▸ **DATA SECTION**
---------------
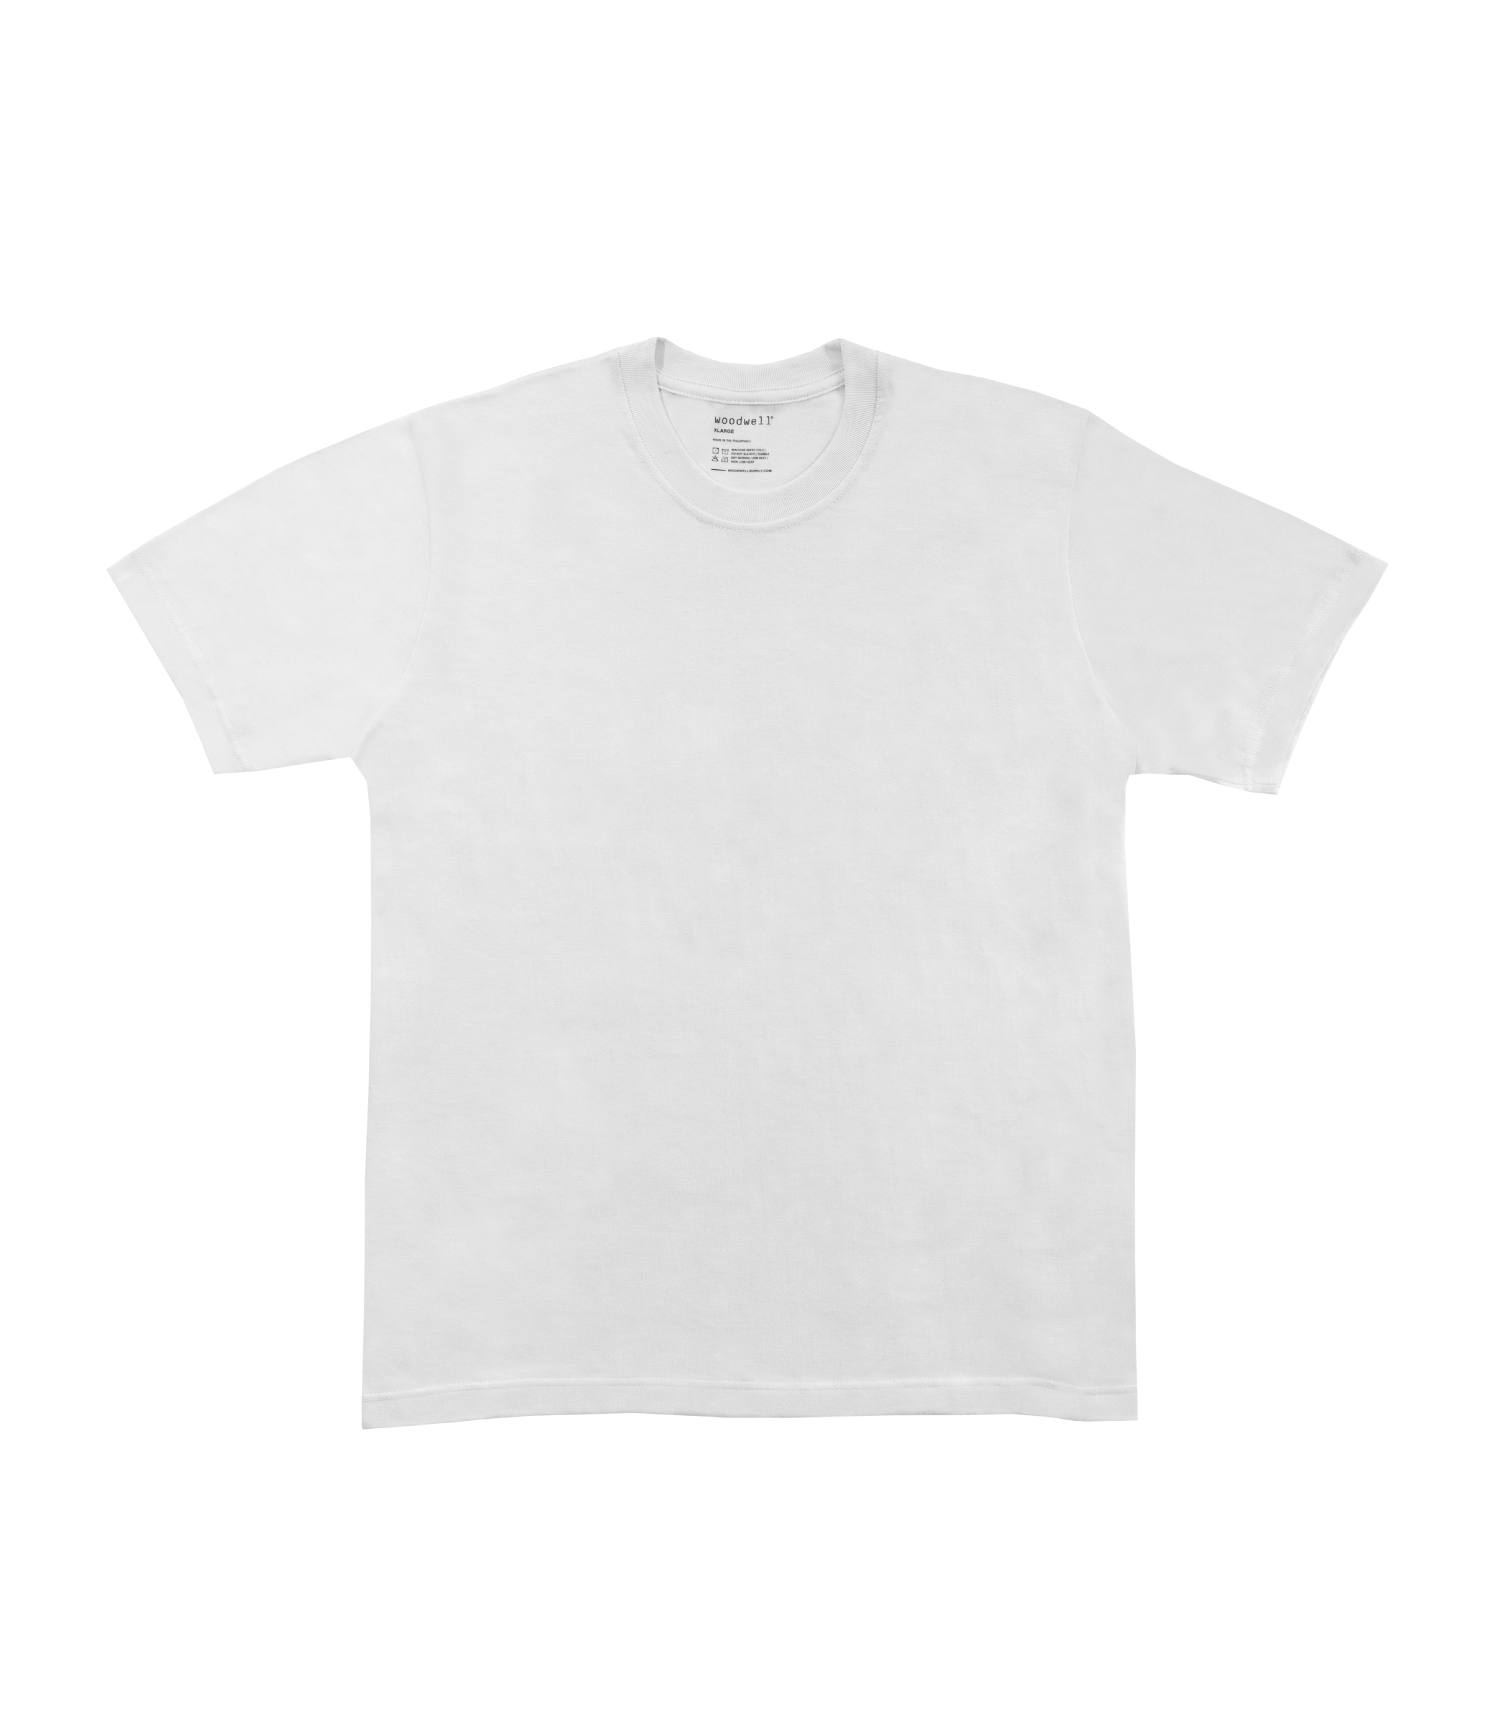 woodwell® Skyline T-Shirt (Classic Fit)
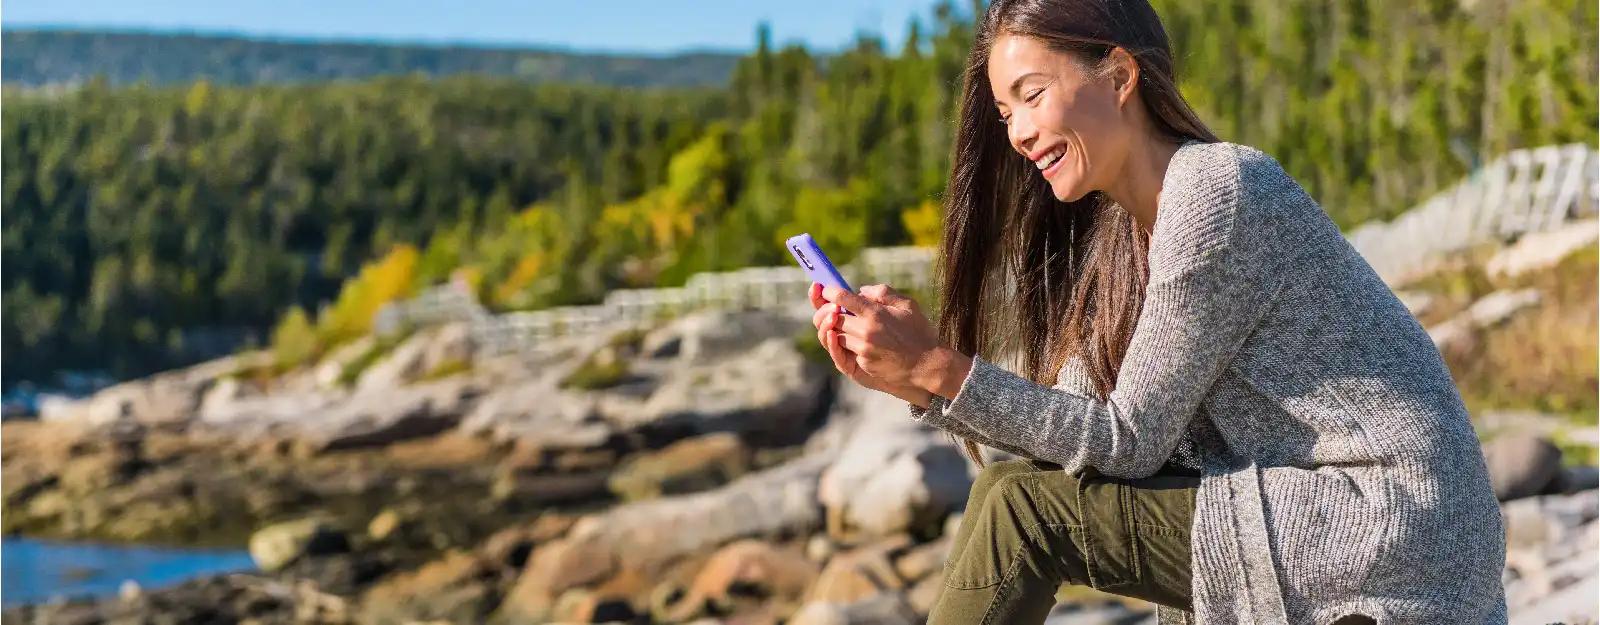 woman smiling at phone outdoors
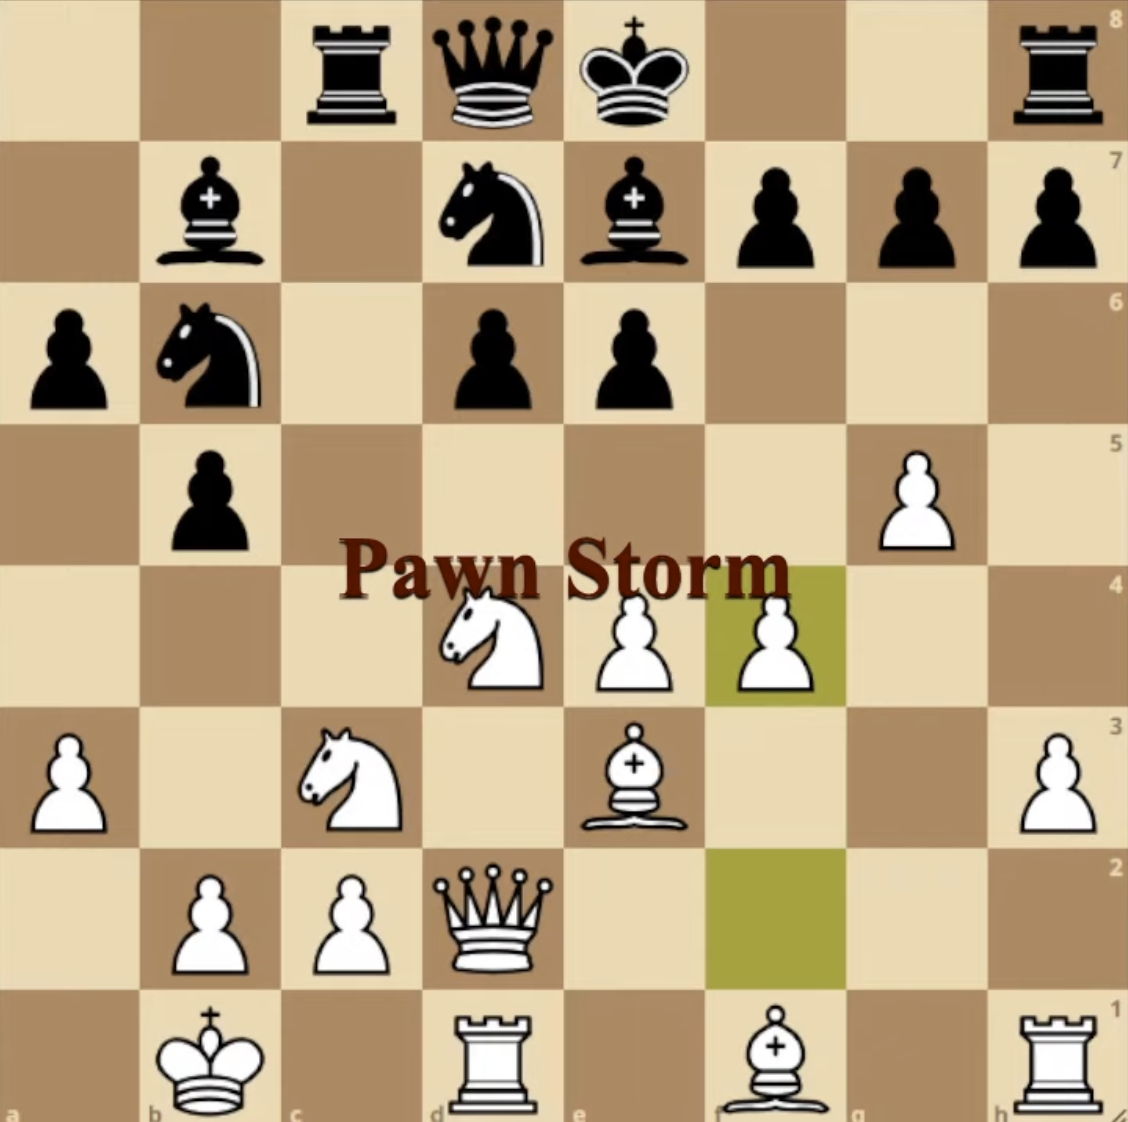 What Is a Pawn in Chess? Learn How to Move Your Pawn Pieces - 2023
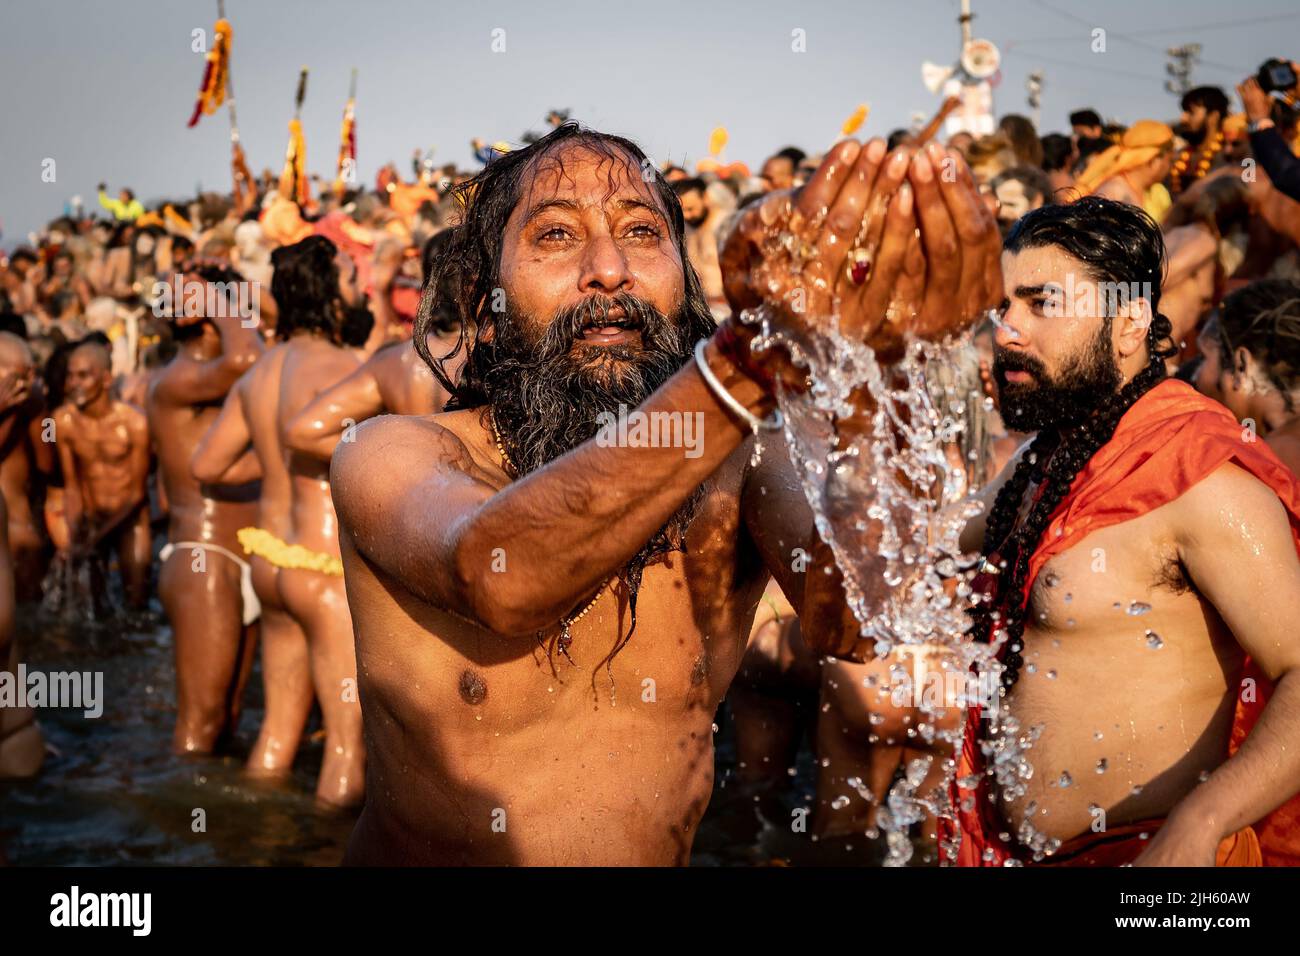 A Hindu worshipper praying and bathing in the sacred Ganges river with thousands of other devotees at the Kumbh Mela Festival in Allahabad, India. Stock Photo
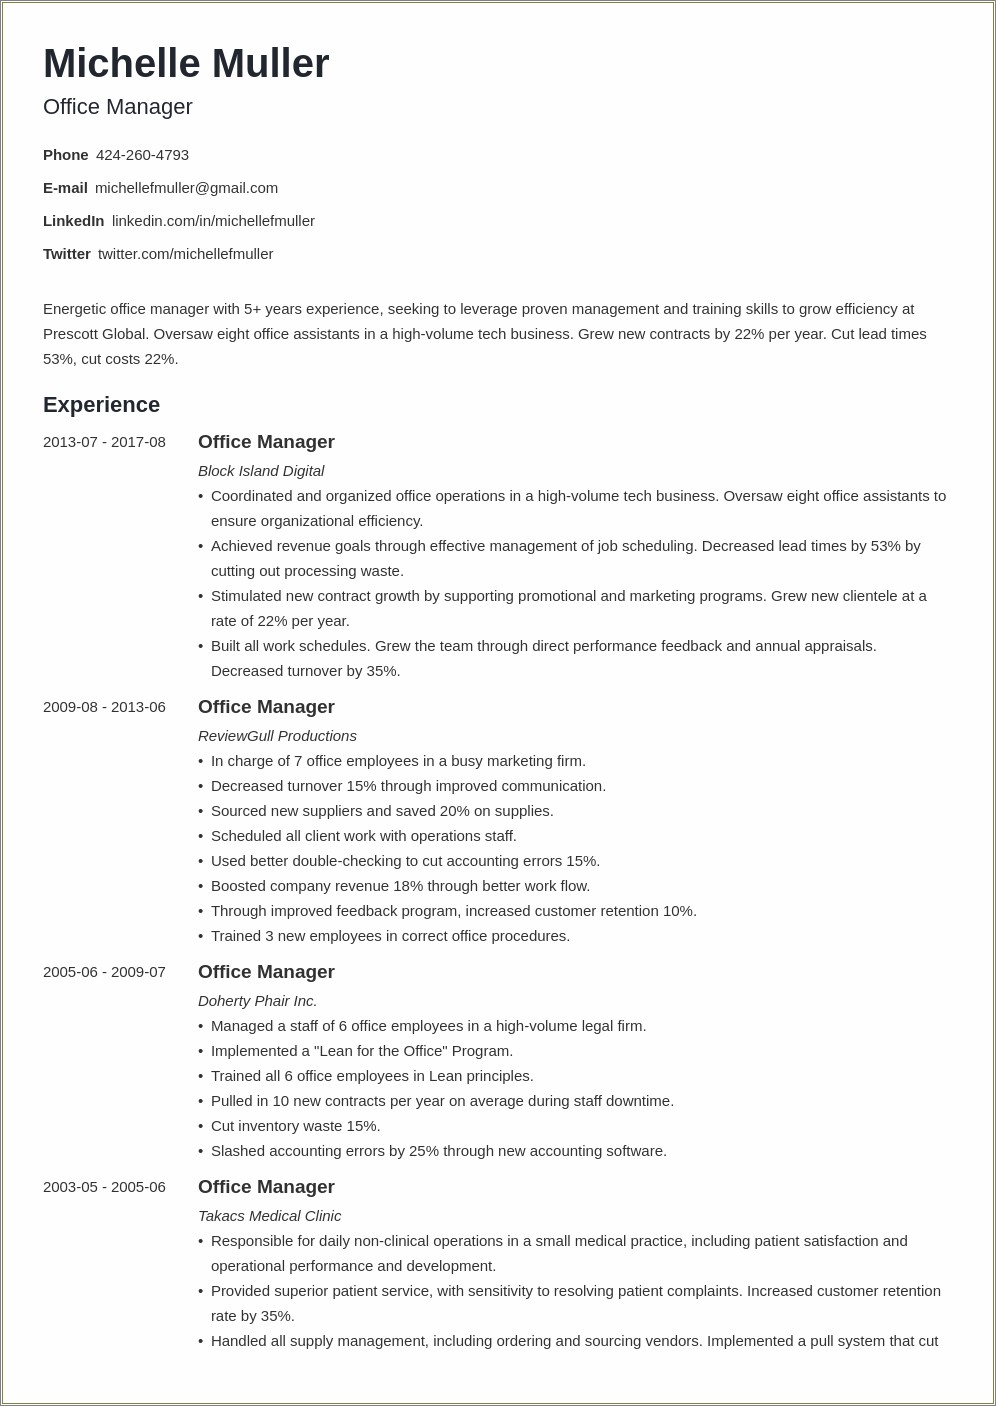 Resume Example With Multiple Positions Within
---------------
▸ **PROBLEM STATEMENT**
Each line from the first line of the data above through the one containing "What Is a Pawn" must be set down exactly; the pictures must not be.

▸ **RESULT OF THE EXERCISE**
 woodwell® Skyline T-Shirt (Classic Fit)
 woman smiling at phone outdoors
 What Is a Pawn in Chess? Learn How to Move Your Pawn Pieces - 2023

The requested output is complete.